# 30,359 File(s) can not be found



## bleupalmtree (May 16, 2022)

So awhile ago I was cleaning out my computer, deleting files making room and I might have deleted a lot of files for my Hammersmith Pro library. I have no idea how to fix this. Can I just uninstall the library then reinstall it but this time onto my SSD T7 instead of downloading it to Macbook Pro? And if so how do I do that?


----------



## cedricm (May 16, 2022)

Should be no issue since this is a Kontakt instrument.
I would open native access, change default data folder to your ssd, uninstall hammer Smith pro then reinstall it. You can also try a repair in NA.

This is assuming it's installed with Native Access.
If not uninstall download install then repair in Native Access, e.g. tell it where to look for the folder.


----------



## ulrichburke2 (May 22, 2022)

Dear bluepalmtree.
DON'T WRITE ANYTHING ELSE TO THE HARD DRIVE!! When you delete stuff, it does NOT get erased from the hard drive. What happens is a special character gets stuck on the front of its name, telling the system it can overwrite that space. THE FILES ARE STILL THERE!!

If you've not emptied the trash yet....

Open the Trash Bin by clicking on its icon.
Locate the lost or deleted files that you wish to restore.
Right-click on the selected file or folder.
Choose Put Back to restore deleted files on Mac to its original location.
I'm NOT a Mac total expert but I would think you could select all the files and put them back en masse. Or - there's a Mac undelete program called Disk Drill that's totally safe, I've used it on Macs, I don't have a Mac of my own (well, I've got a PPC one but I rarely use it) I use a PC but Disk Drill's a good piece of kit









Disk Drill - Best Free Mac Data Recovery Software in 2022!

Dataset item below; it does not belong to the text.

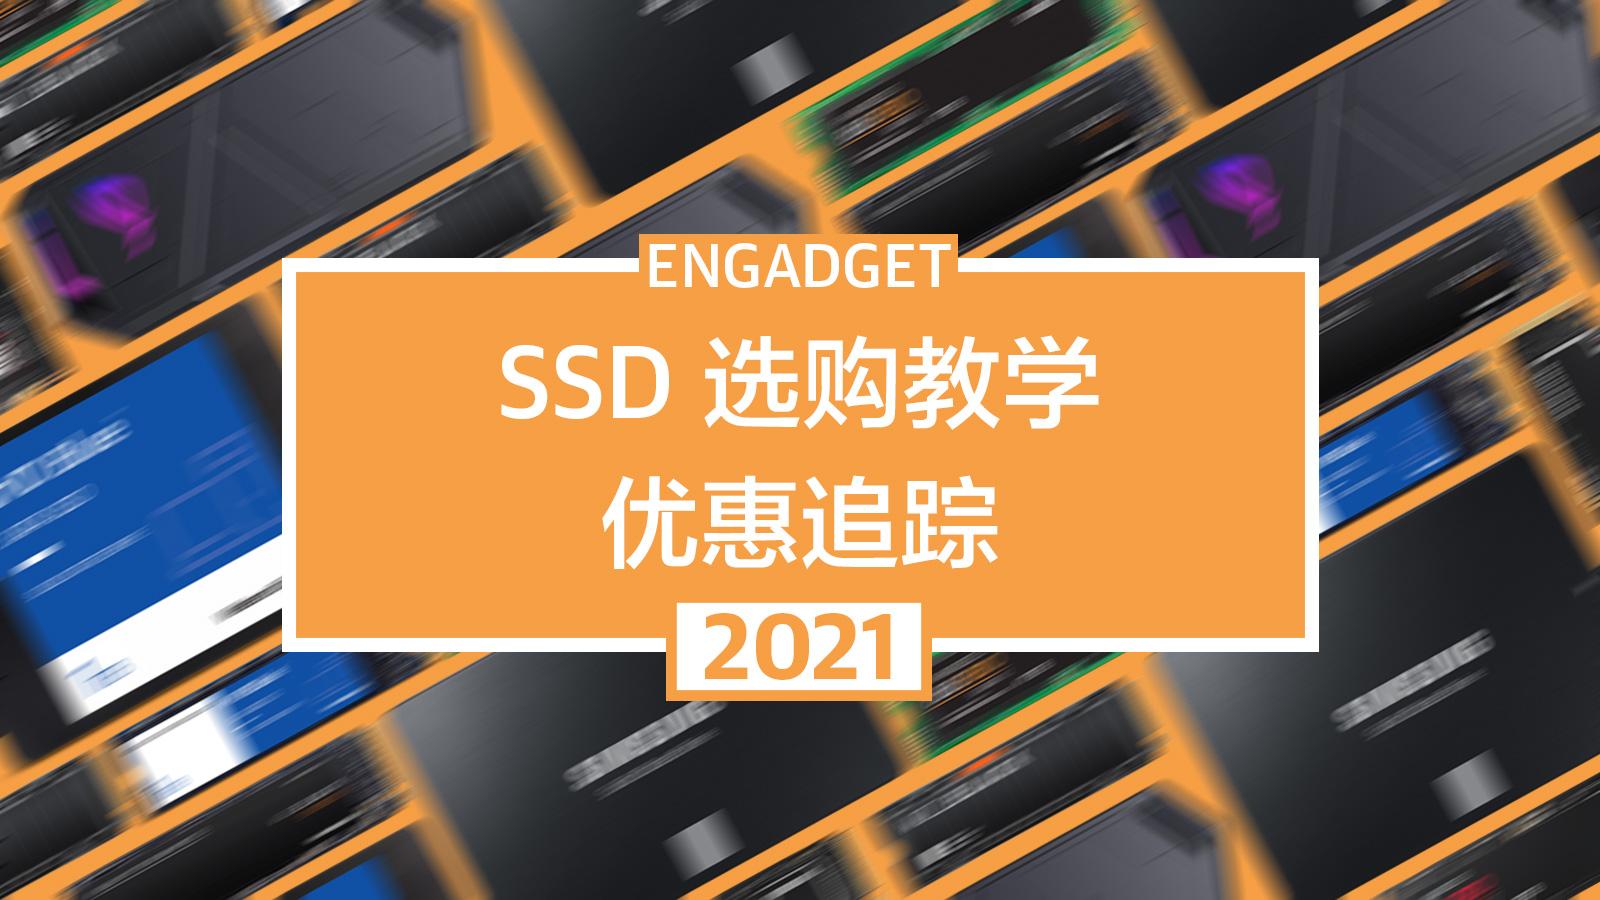 SSD 如何选?选购教学 + 优惠追踪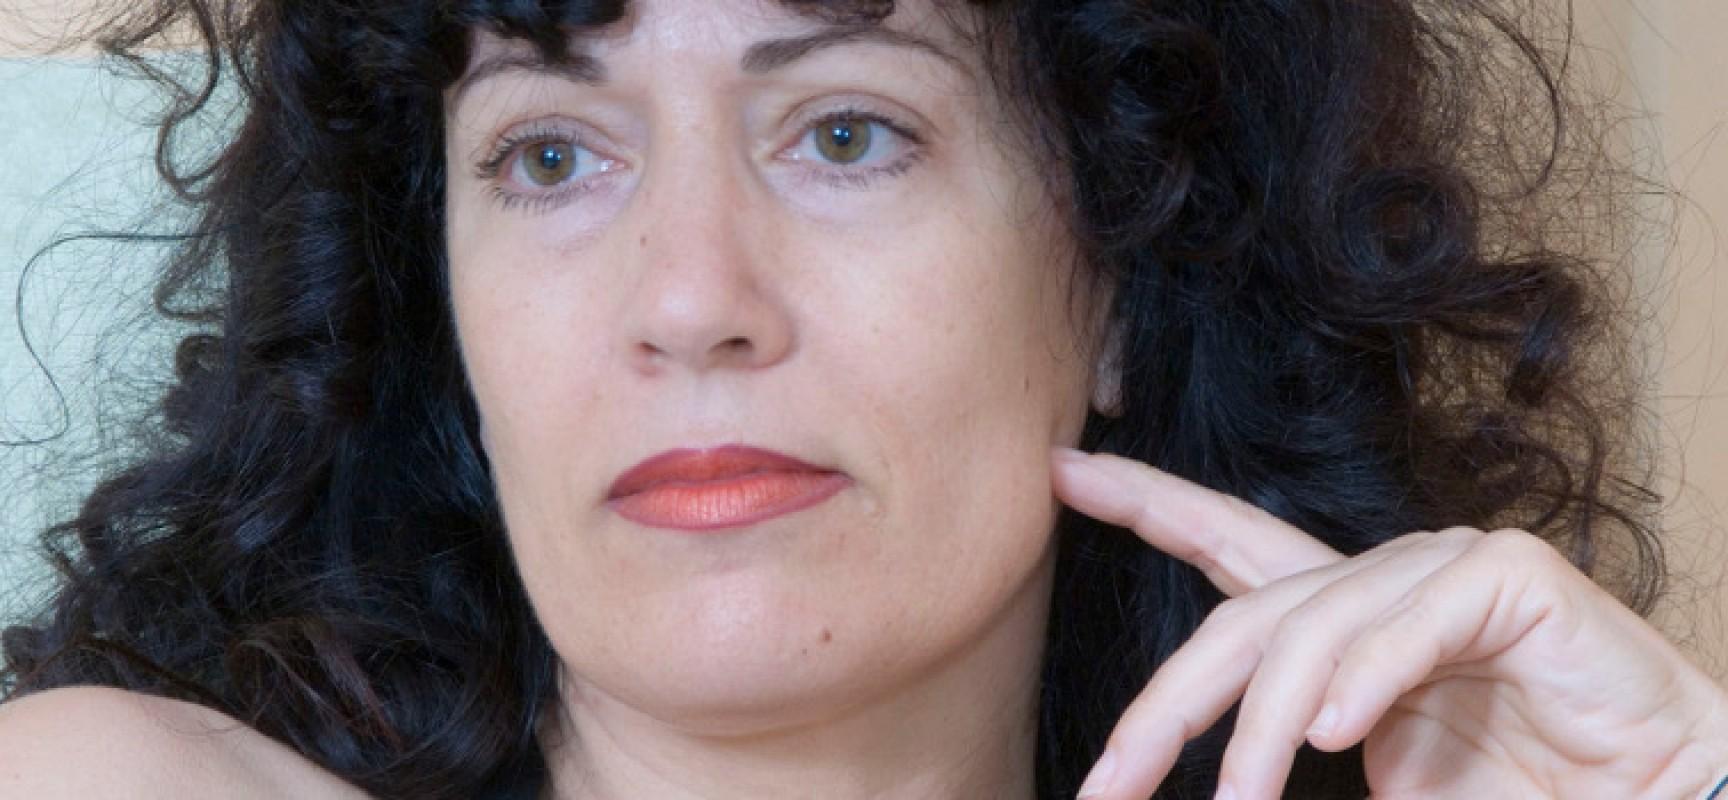 Teatro barese in lutto è morta l'attrice Ketty Volpe a soli 55 anni, stroncata da un male incurabile in quattro mesi

Disk Drill: The best data recovery software for Mac OS X. Recover deleted or lost data from any storage device, iOS and Android. Free scanning.




www.cleverfiles.com





What that does, basically, is finds all the files with the 'you can overwrite me' character on the front and removes the character, thus telling the computer it's not OK to overwrite the files any more. On a PC there's an internal DOS command for this, I've no idea what the equivalent on a MAC would be. That's why I suggested Disk Drill!

How does anyone delete 30 THOUSAND files without at least wondering WHY there's so many unneeded (NOT!!) files lying around!?! Jeez! Thirty, for sure, but thirty THOUSAND!?! That's gotta make a record.... (How can I make a record? I've just deleted all my strings files.....!)

Yours head-scratchingly

Chris.


----------